[Start of section]

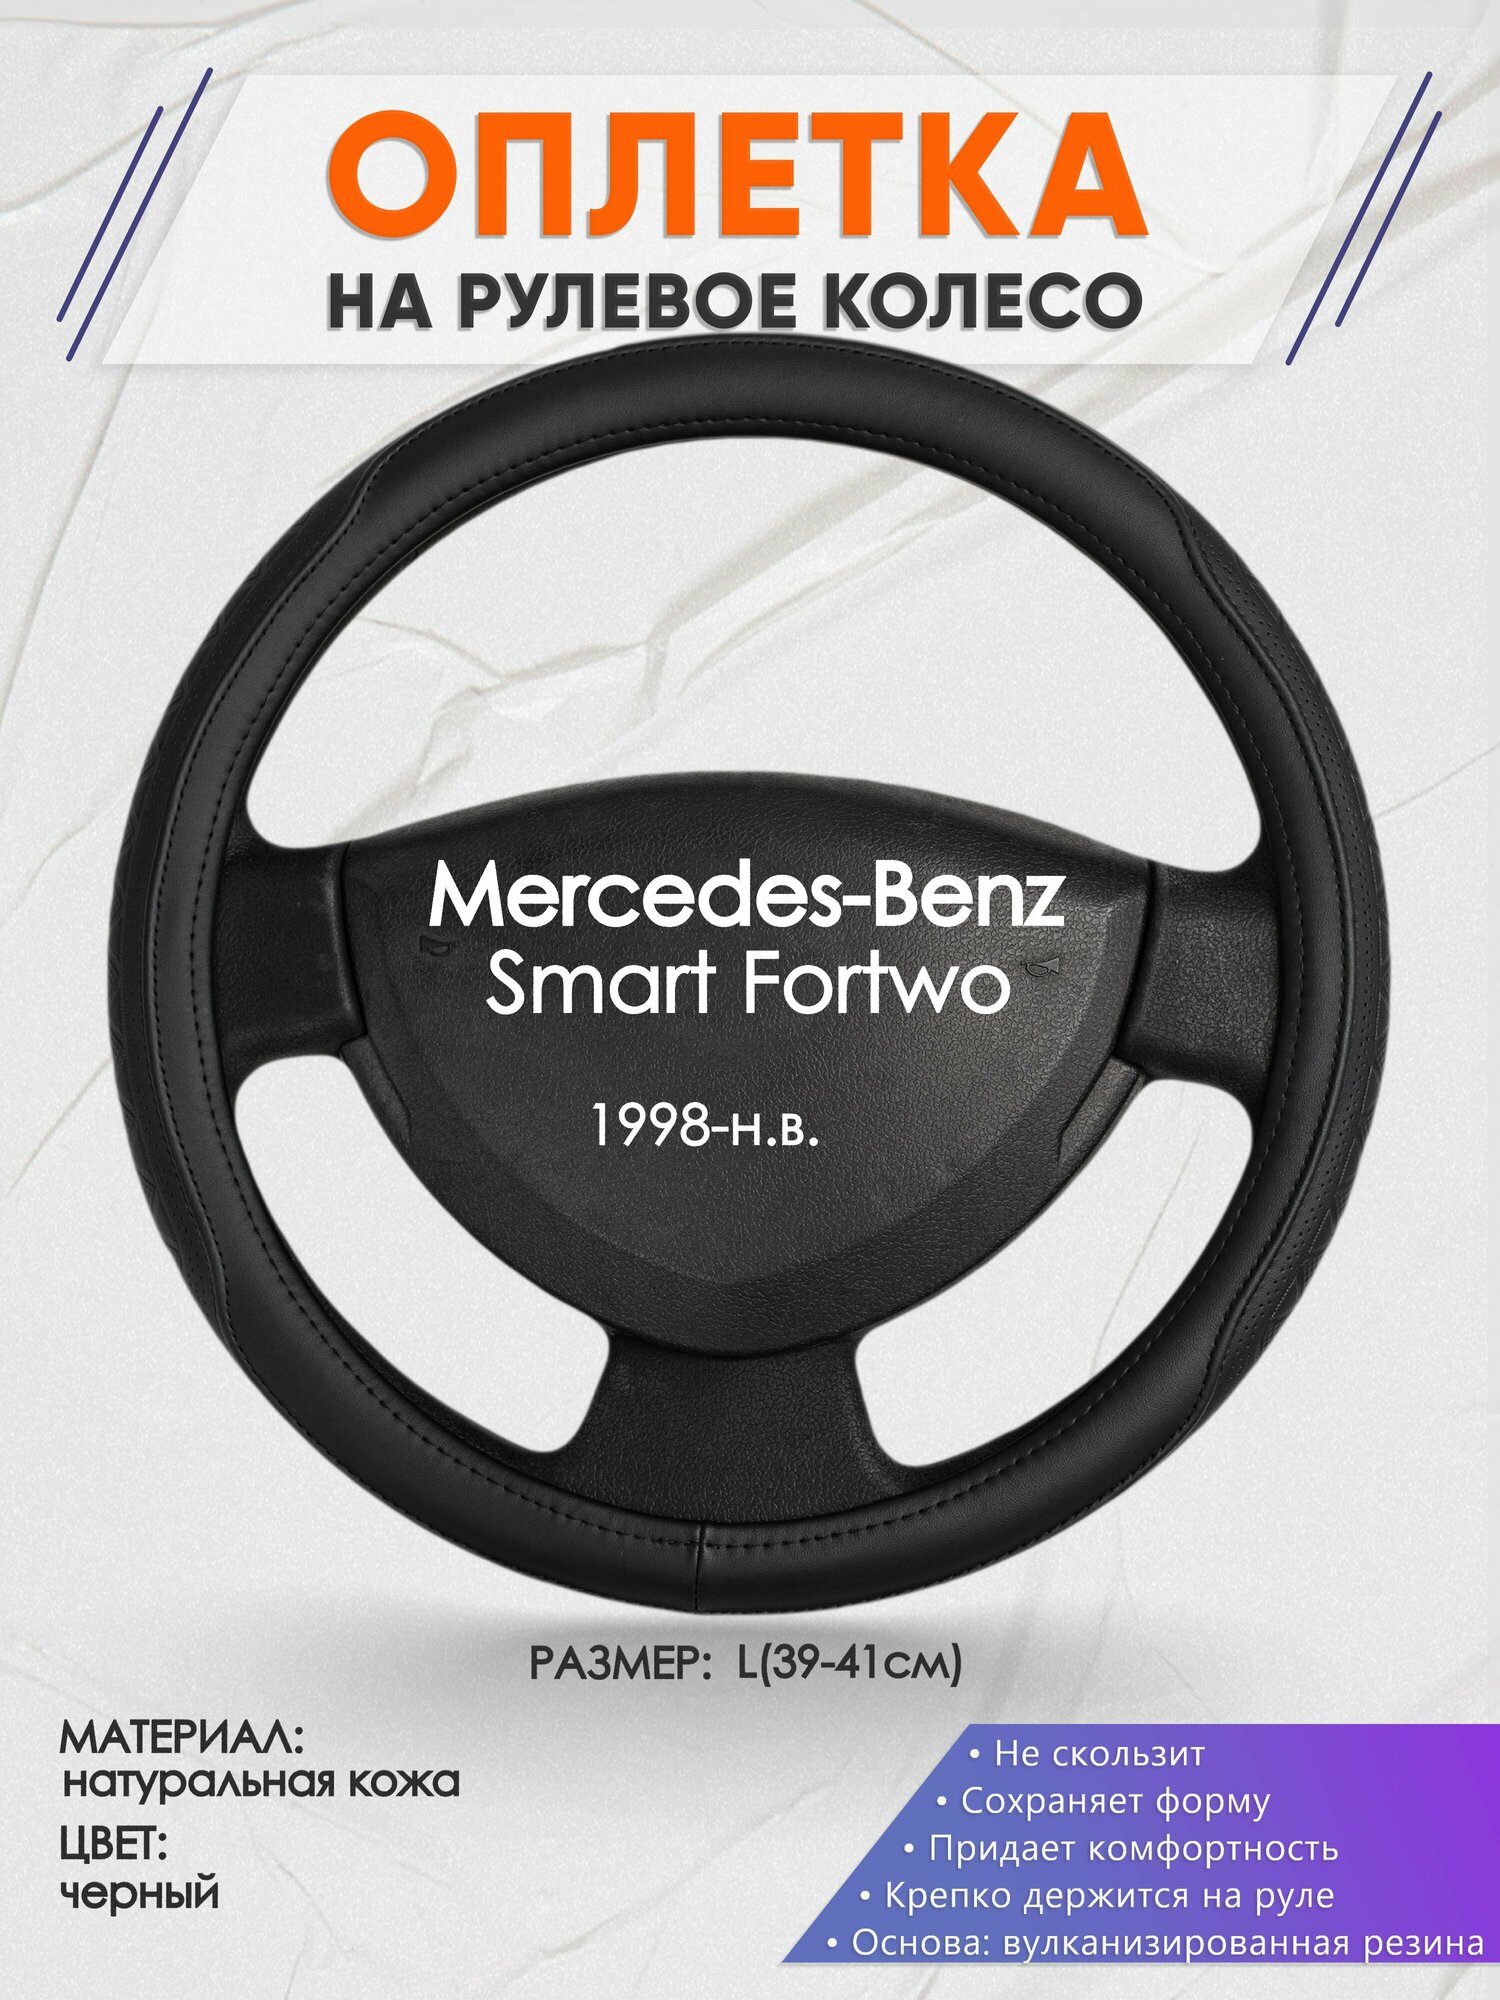 Оплетка на руль для Mercedes-Benz Smart Fortwo(Мерседес Бенц Смарт Форту) 1998-н. в L(39-41см) Натуральная кожа 89
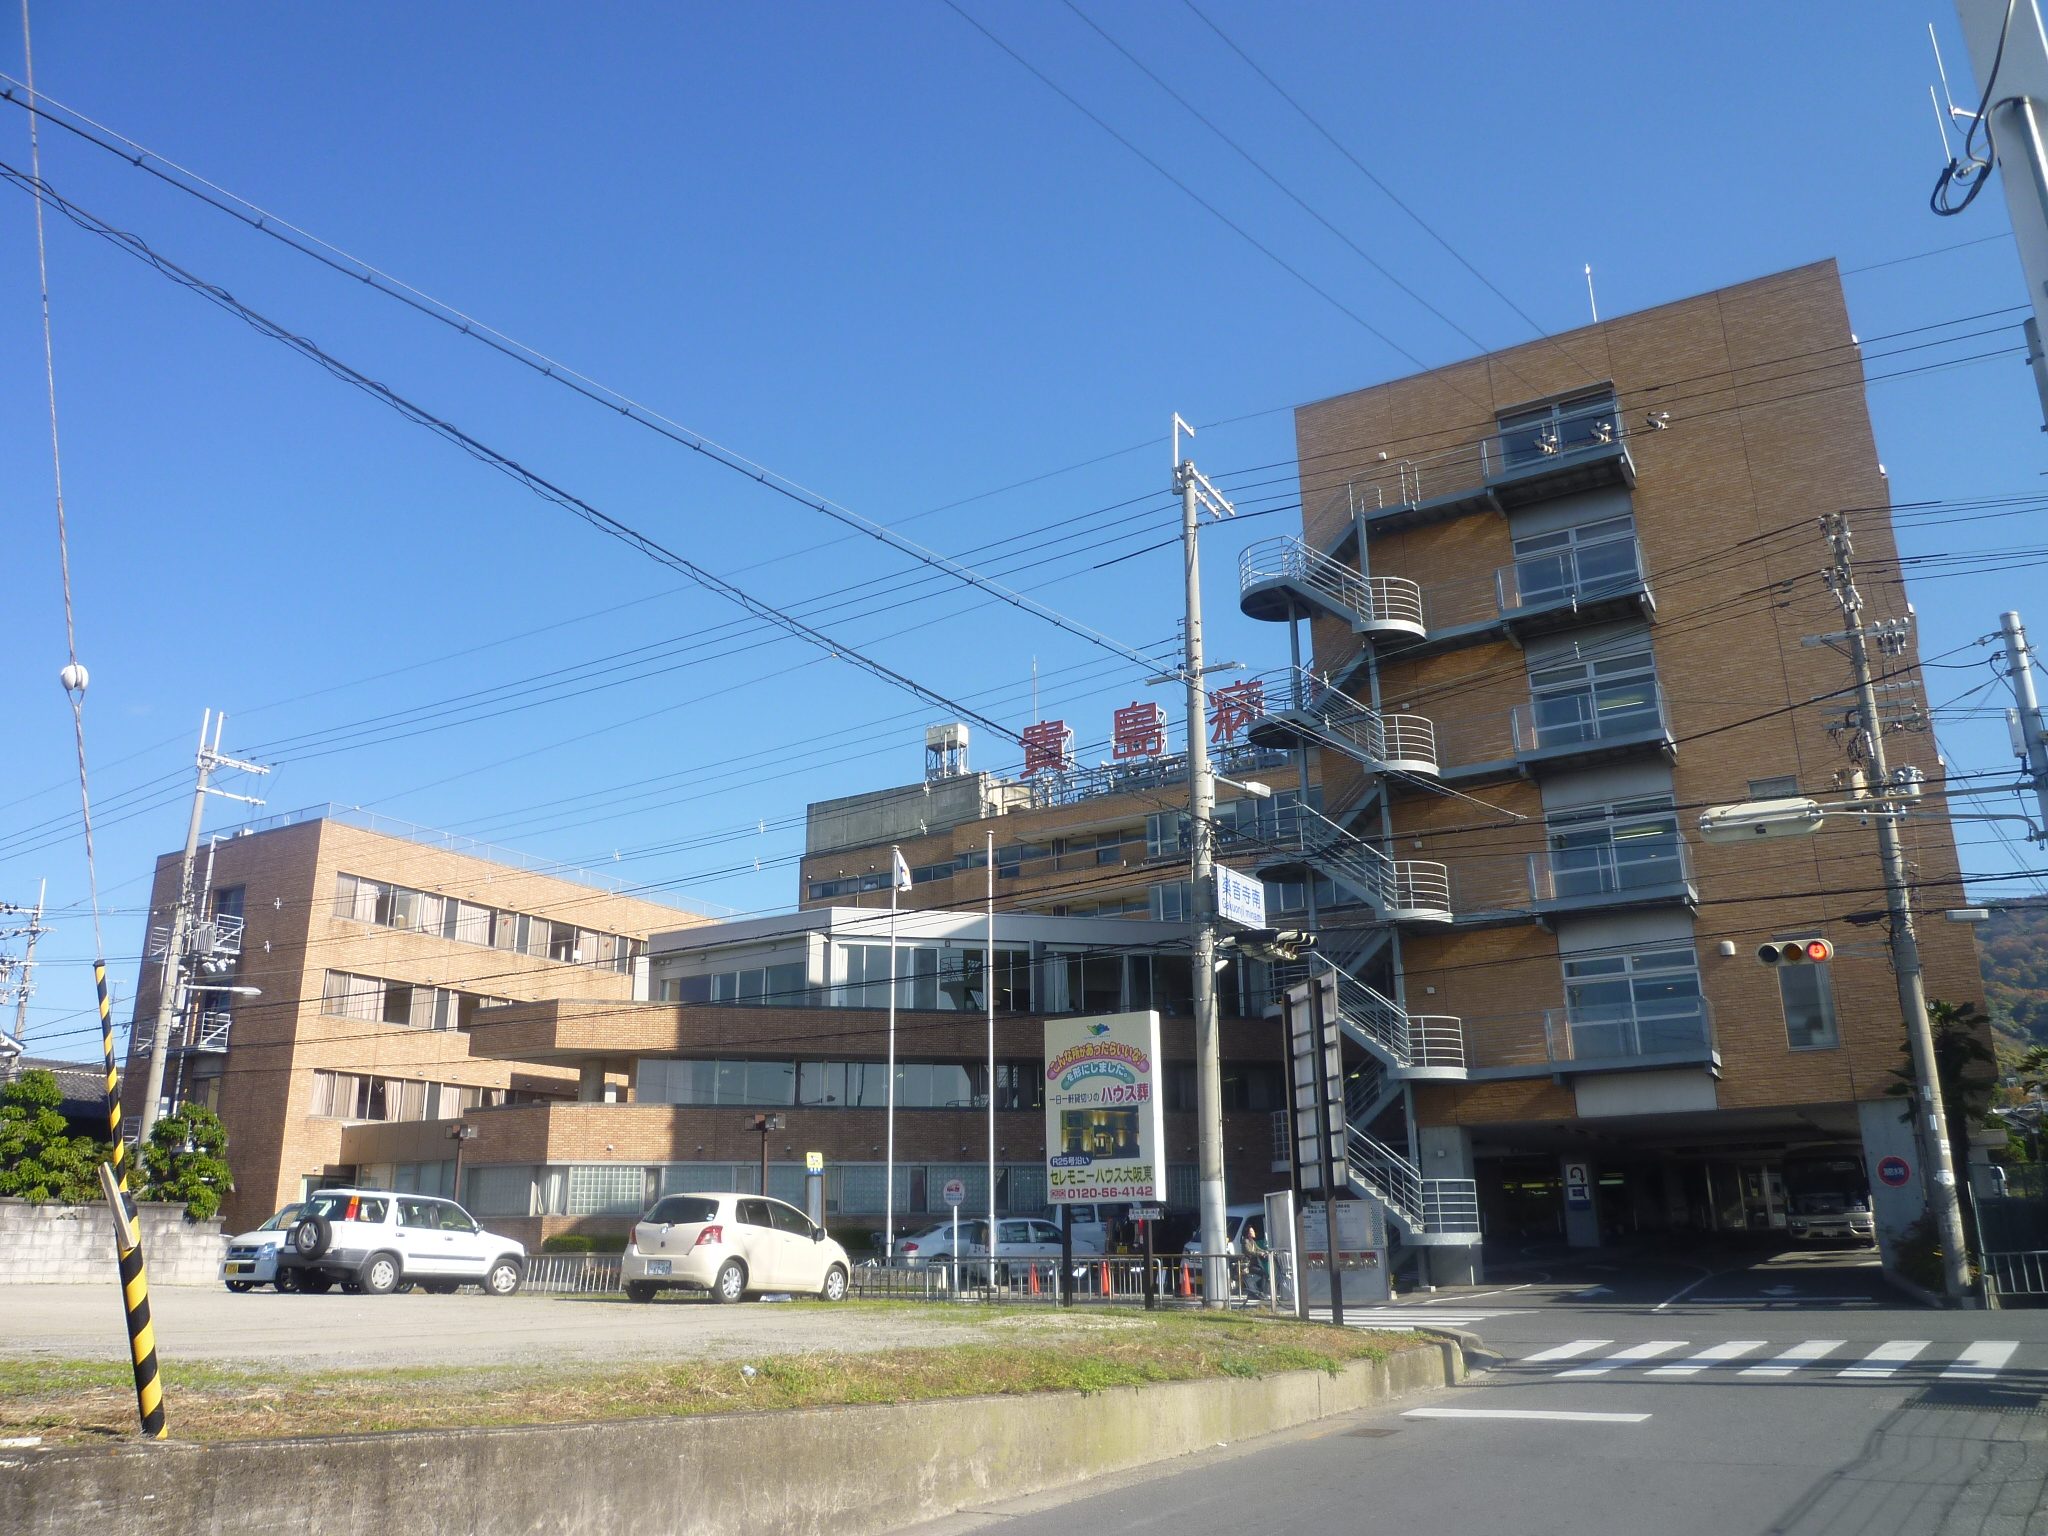 Hospital. Kijima Board Kijima hospital this Council to (hospital) 1141m
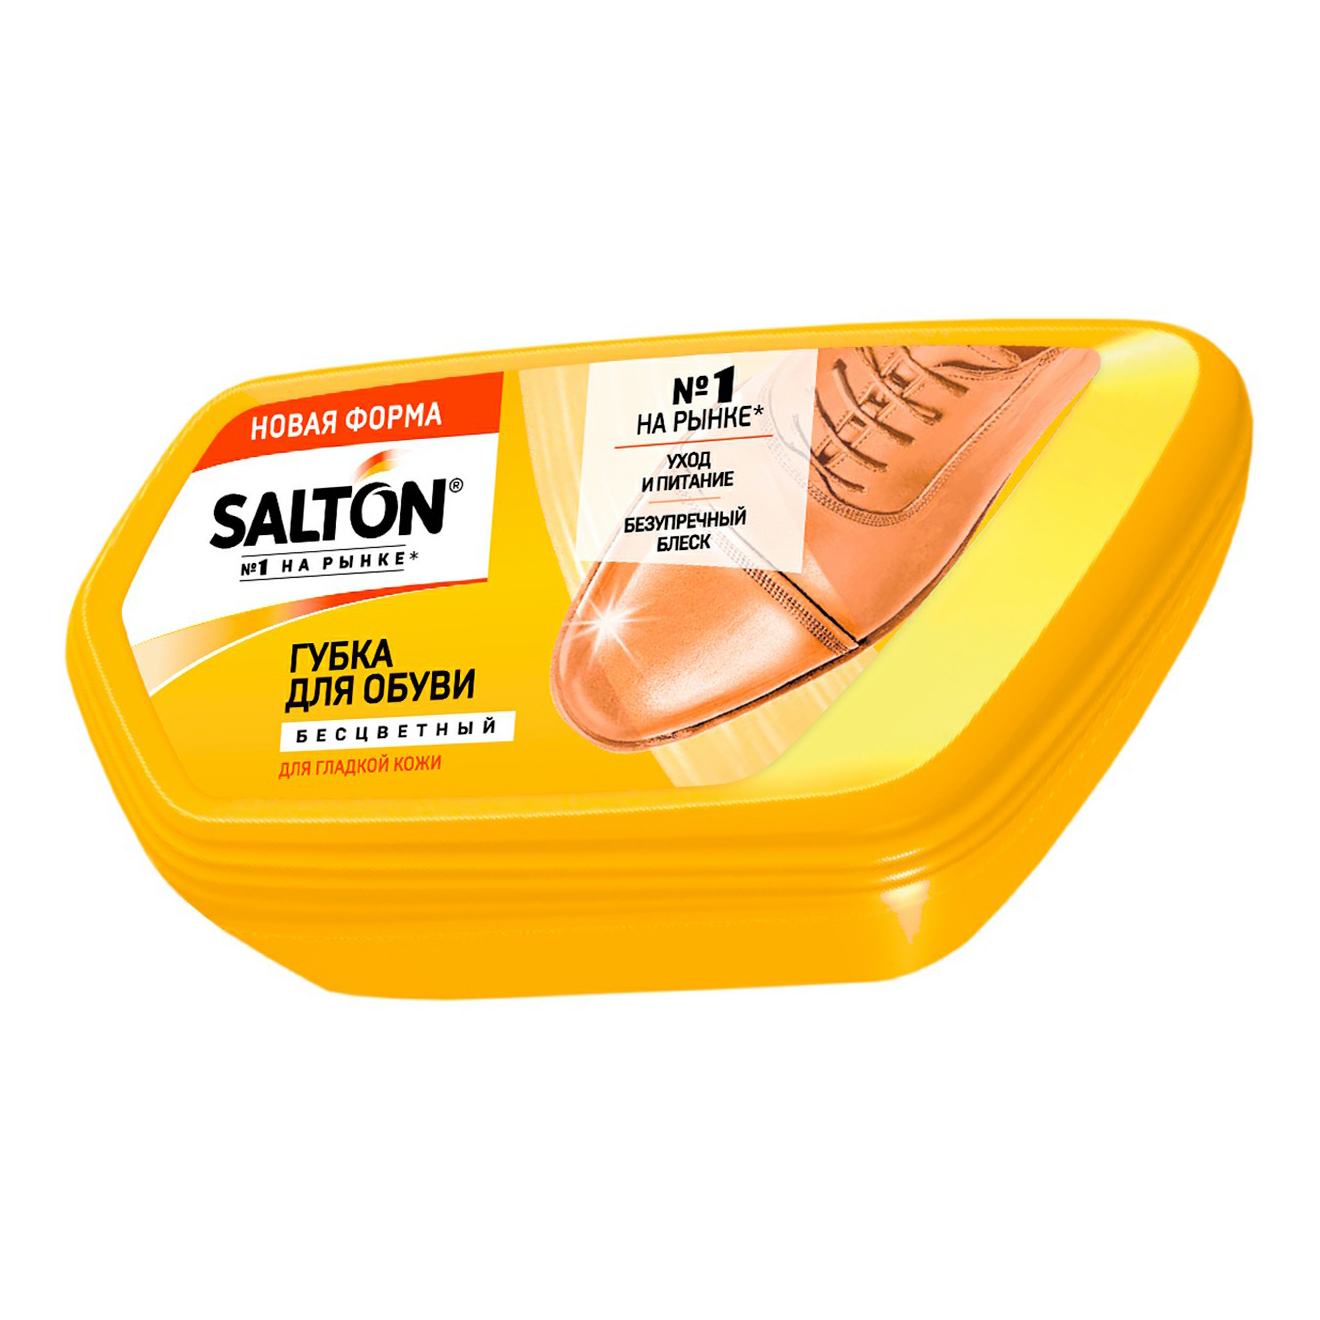 Губка для обуви Salton для гладкой кожи бесцветная

[End of section]

* **What is expected**: Copy out the listing above in full and keep the pictures out.

* **Exercise solution**:
 Оплетка на руль для Mercedes-Benz Smart Fortwo(Мерседес Бенц Смарт Форту) 1998-н. в L(39-41см) Натуральная кожа 89
 Hospital. Kijima Board Kijima hospital this Council to (hospital) 1141m
 Губка для обуви Salton для гладкой кожи бесцветная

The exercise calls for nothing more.